Use the Vertica node in DataWorks to write and periodically schedule SQL tasks against a Vertica database, and integrate those tasks into larger pipelines.
Background information
Vertica is a high-performance, columnar storage database management system (DBMS). It is designed for high-speed processing and querying of large-scale datasets and is primarily used for big data analytics and real-time queries. For more information, see the official Vertica website.
Prerequisites
Before you begin, make sure you have:
-
A business flow. DataStudio organizes development by business flows. Create a workflow if you don't have one.
-
A Vertica data source configured with a JDBC connection string. Vertica nodes only support data sources created using a Java Database Connectivity (JDBC) connection string — other connection types are not supported. To create one, see Data Source Management and Vertica data source.
-
Network connectivity between the data source and the resource group. Verify that the resource group can reach your Vertica database. For configuration options, see Network connection solutions.
-
(RAM users only) The Develop or Workspace Administrator role. Add the RAM user to the workspace and assign the appropriate role. Grant the Workspace Administrator role with caution — it carries elevated privileges. See Add members to a workspace.
Supported regions
China (Hangzhou), China (Shanghai), China (Beijing), China (Shenzhen), China (Chengdu), China (Hong Kong), Singapore, Malaysia (Kuala Lumpur), Germany (Frankfurt), US (Silicon Valley), and US (Virginia).
Step 1: Create a Vertica node
-
Go to the DataStudio page. Log on to the DataWorks console. In the top navigation bar, select the target region. In the left-side navigation pane, choose Data Development and O\&M > Data Development. Select the target workspace from the drop-down list and click Go to Data Development.
-
Right-click the target business flow and choose Create Node > Database > Vertica.
-
In the Create Node dialog box, enter a Name and click Confirm.
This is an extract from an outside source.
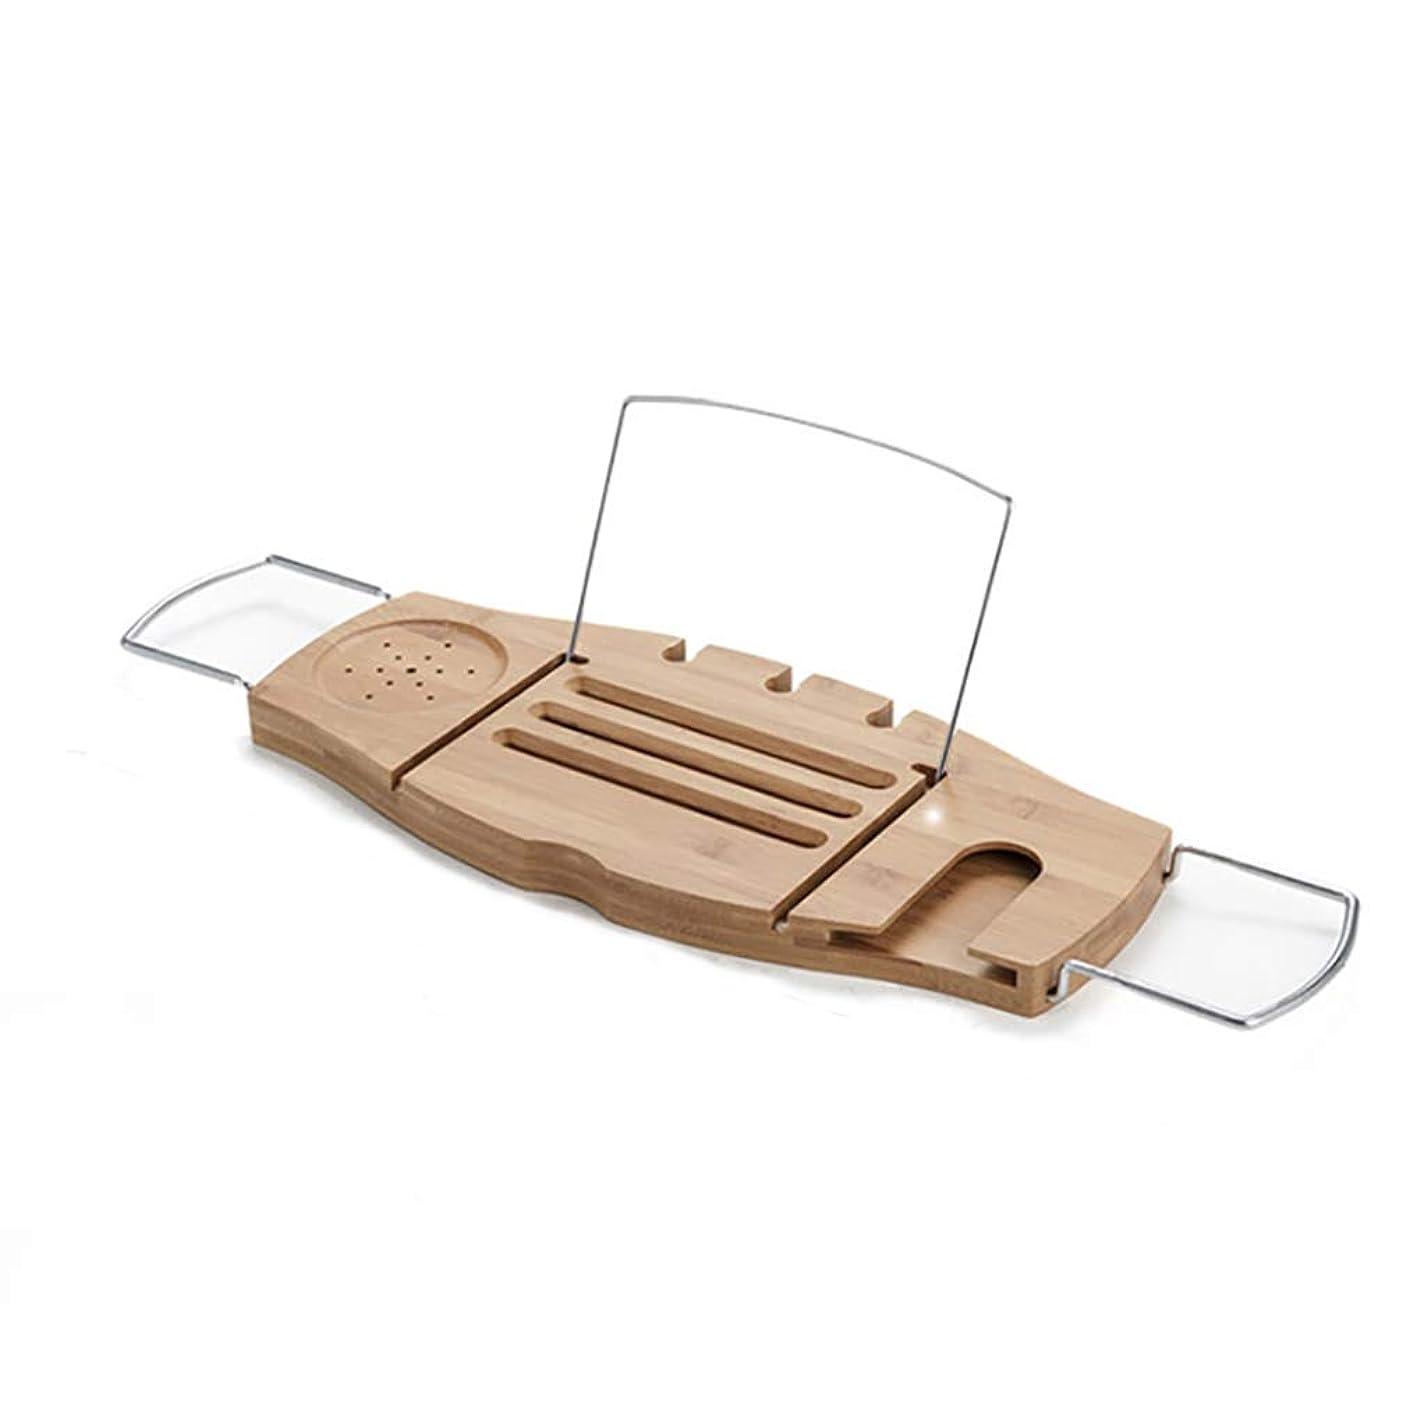 レビュー交響曲木浴室用ラック バスタブスタンド調節可能な多機能竹風呂電話ホルダー棚の長さ70?103センチ 調節可能なワインラック本棚ブラケット

Step 2: Develop the Vertica task
(Optional) Select a data source
If the workspace has multiple Vertica data sources, select the appropriate one on the Vertica node configuration tab. If only one Vertica data source exists, it is selected by default.
Only data sources created using a JDBC connection string are supported.
Write SQL
Enter SQL in the code editor. The following example queries a table:
SELECT * FROM usertablename;
Use scheduling parameters
Scheduling parameters let you pass dynamic values into recurring tasks at runtime. Define variables in your SQL using ${variable_name}, then assign values under Schedule > Parameters in the right-side pane.
SELECT '${var}'; -- Use with scheduling parameters.
For supported formats and configuration steps, see Supported formats for scheduling parameters and Configure and use scheduling parameters.
Step 3: Configure task scheduling
Click Scheduling Configuration on the right-side pane and set the scheduling properties.
Configure Rerun Property and Upstream Dependent Node before submitting the task. For a full reference, see Overview.
Step 4: Debug the task
-
(Optional) Set a debugging resource group and assign parameter values. Click the
icon in the toolbar. In the Parameters dialog box, select a resource group and assign values to any scheduling parameters used in the task. For parameter assignment logic, see Task debugging process. -
Save and run the task. Click the
icon to save, then click the
icon to run. -
(Optional) Run a smoke test. Run a smoke test to verify execution in the development environment during or after submission. See Perform smoke testing.
Step 5: Submit and publish the task
-
Click the
icon to save the node. -
Click the
icon. In the Submit dialog box, enter a Change Description and select code review options.Configure Rerun Property and Upstream Dependent Node before submitting. If code review is enabled, a reviewer must approve the code before it can be published. See Code review.
-
In standard mode workspaces, click Publish in the upper-right corner to deploy the task to the production environment. See Publish tasks.
What's next
After the task is published, it runs on a recurring schedule. To monitor its status, click O\&M in the upper-right corner of the node configuration tab to open Operation Center, where you can view the scheduling and run history of recurring tasks. See Manage recurring tasks.